Много немцев было во время нацизма заключено за свои убеждения в тюрьмы, концлагеря и убито. Сколько людей по деревням и городам оказывало бескорыстную помощь несчастным людям.

Сколько было в те дни добрых, жертвенных и мужественных христианских душ в Германии. Могу свидетельствовать о жертвенном, чисто христианском отношении к русским военнопленным одного мекленбургского помещика, посчитавшего своим долгом похоронить с православной молитвой скончавшегося в его имении русского военнопленного.

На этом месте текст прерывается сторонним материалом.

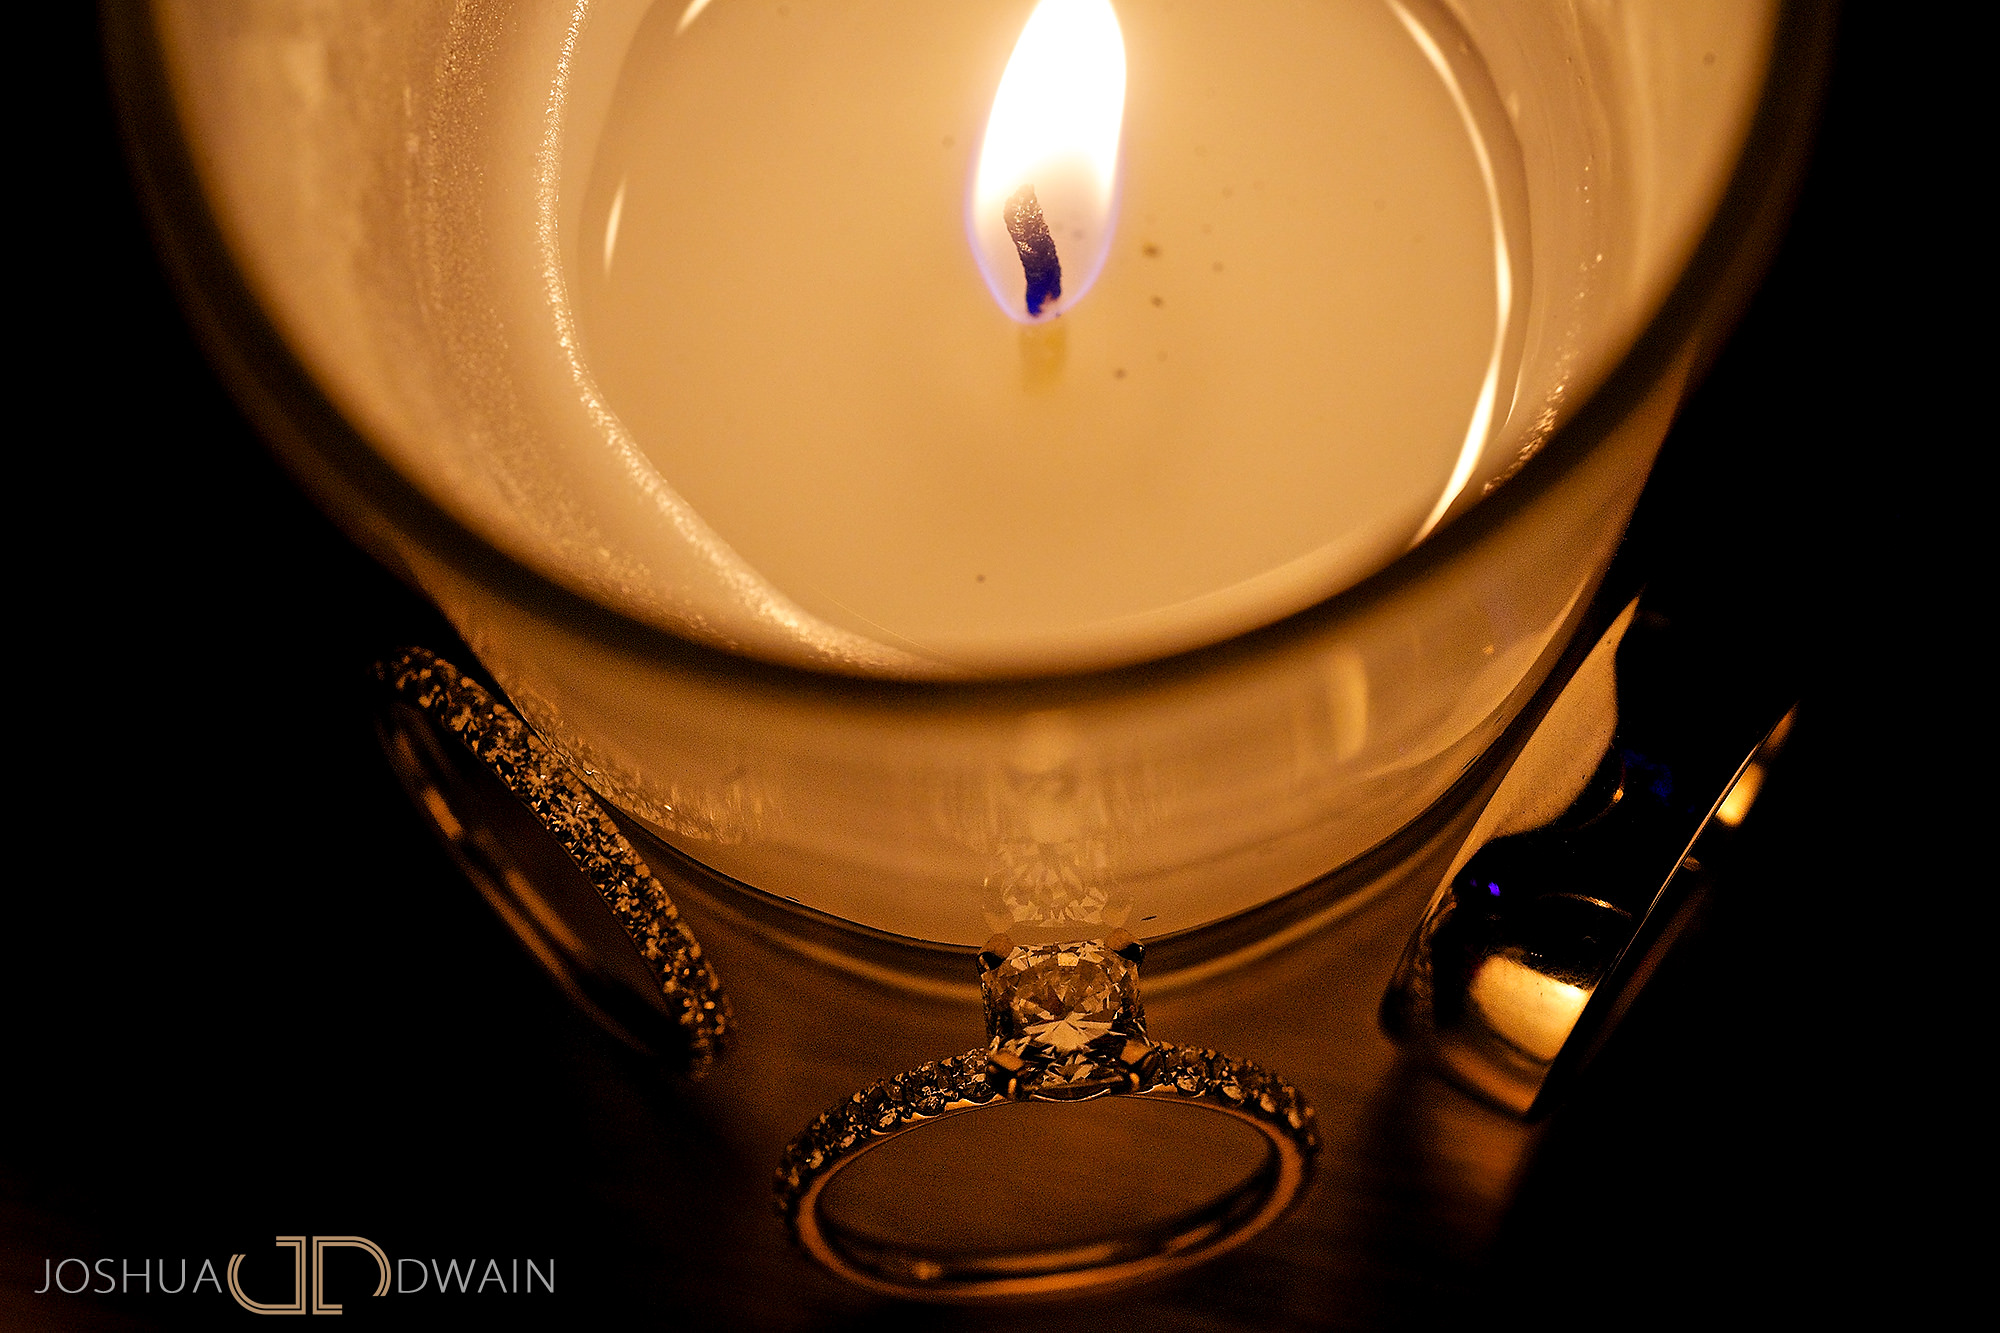 tiffany-udo-019-tendenza-philadelphia-pa-wedding-photographer-joshua-dwain-photography-
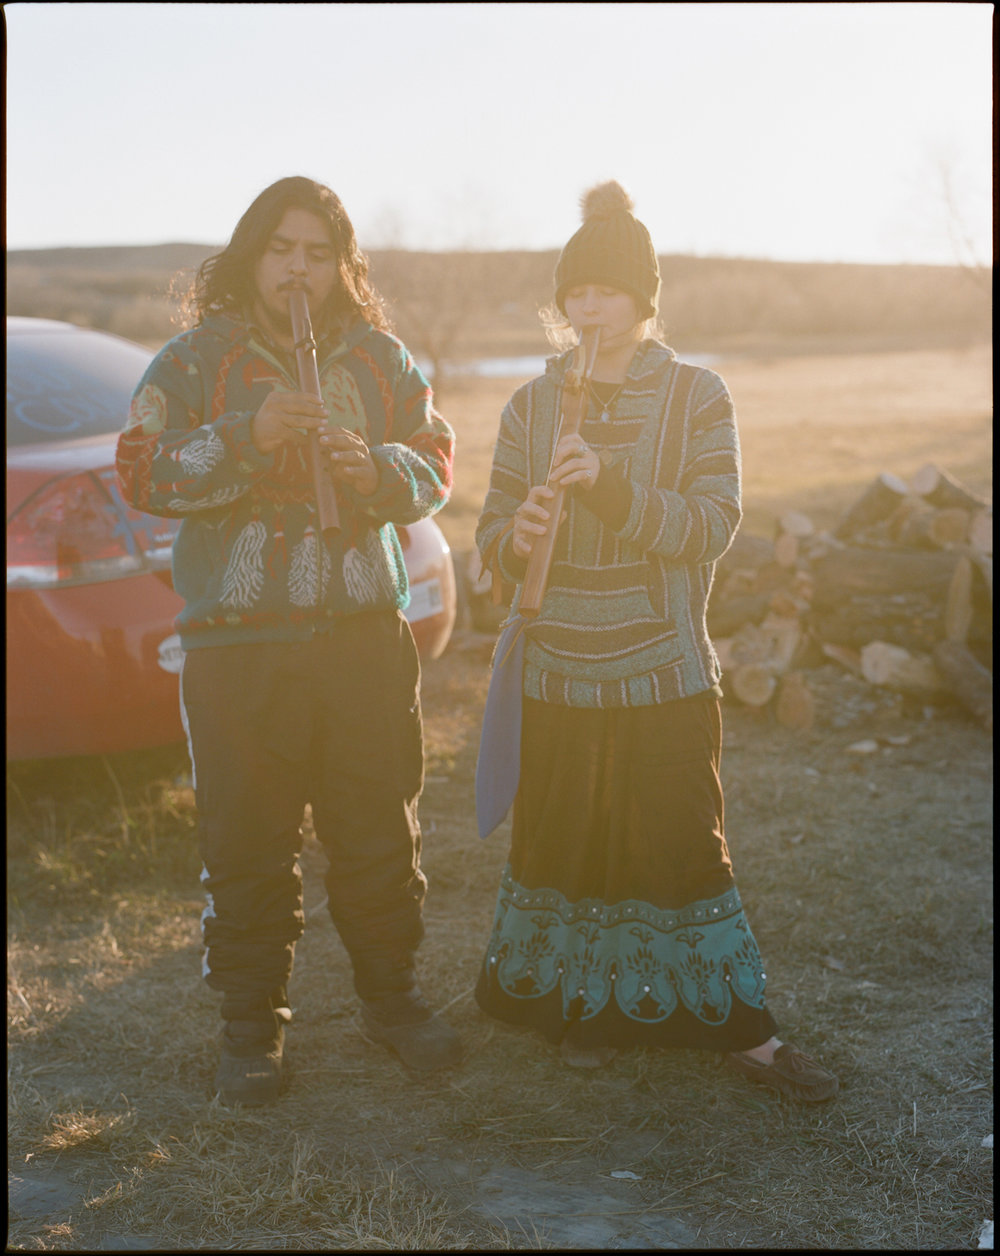 amber_mahoney_water_protectors_north_dakota_standing_rock_dapl_native_american_rights_012.jpg

Наше сестричество церковное приняло участие в этой акции, за которую немец предан был суду нацистов; мужественно держал себя на суде, обличая гибельную для своего народа власть. Когда прокурор нацистов назвал его врагом народа, ослабляющим ненависть к противнику, он в своём горячем слове ответил: “– Нет, это Вы враги народа, рождающие ненависть к другим народам и возбуждающие в народах ненависть к Германии”. Он был осужден к каторжным работам на четыре года.

Вспоминаю тайные экуменические христианские собрания во время войны в Шарлоттенбурге на квартире престарелого пастора Унгнада. Мы собирались там, как братья‑христиане: протестанты, римо-католики и православные. Из среды этого кружка были мученики за веру, как казнённый отец Метцгер.

Не могу я не вспомнить и о раскаянии одной души, которой властями было поручено перлюстрировать письма православного пастыря. Религиозное содержание писем так подействовало на эту душу, что ей открылся духовный мир, и она с покаянием пришла к тому самому пастырю, письма которого перлюстрировала. Таковы пути Промысла Божия”.

Об этом же Иоанну Шаховскому удалось сказать в стихах. Стихи 1943 года “Смерть воинов”.

Без утешения, без роптания,

Переступив порог земной,

Как дети светлого незнанья,

Вы все стучитесь в город Мой.

На миг – враги, навеки – братья,

Вы к миру Моему пришли,

В полях и рощах, где распятье

Стоит, как путь среди земли.

Распятья в полях и рощах – это, конечно, приметы Германии; у нас крест просто безо всего – две палки одинаковой длины, а Германии на перекрестках ставится крест правильный (восьми или четырехконечный), но с распятым на нём Спасителем.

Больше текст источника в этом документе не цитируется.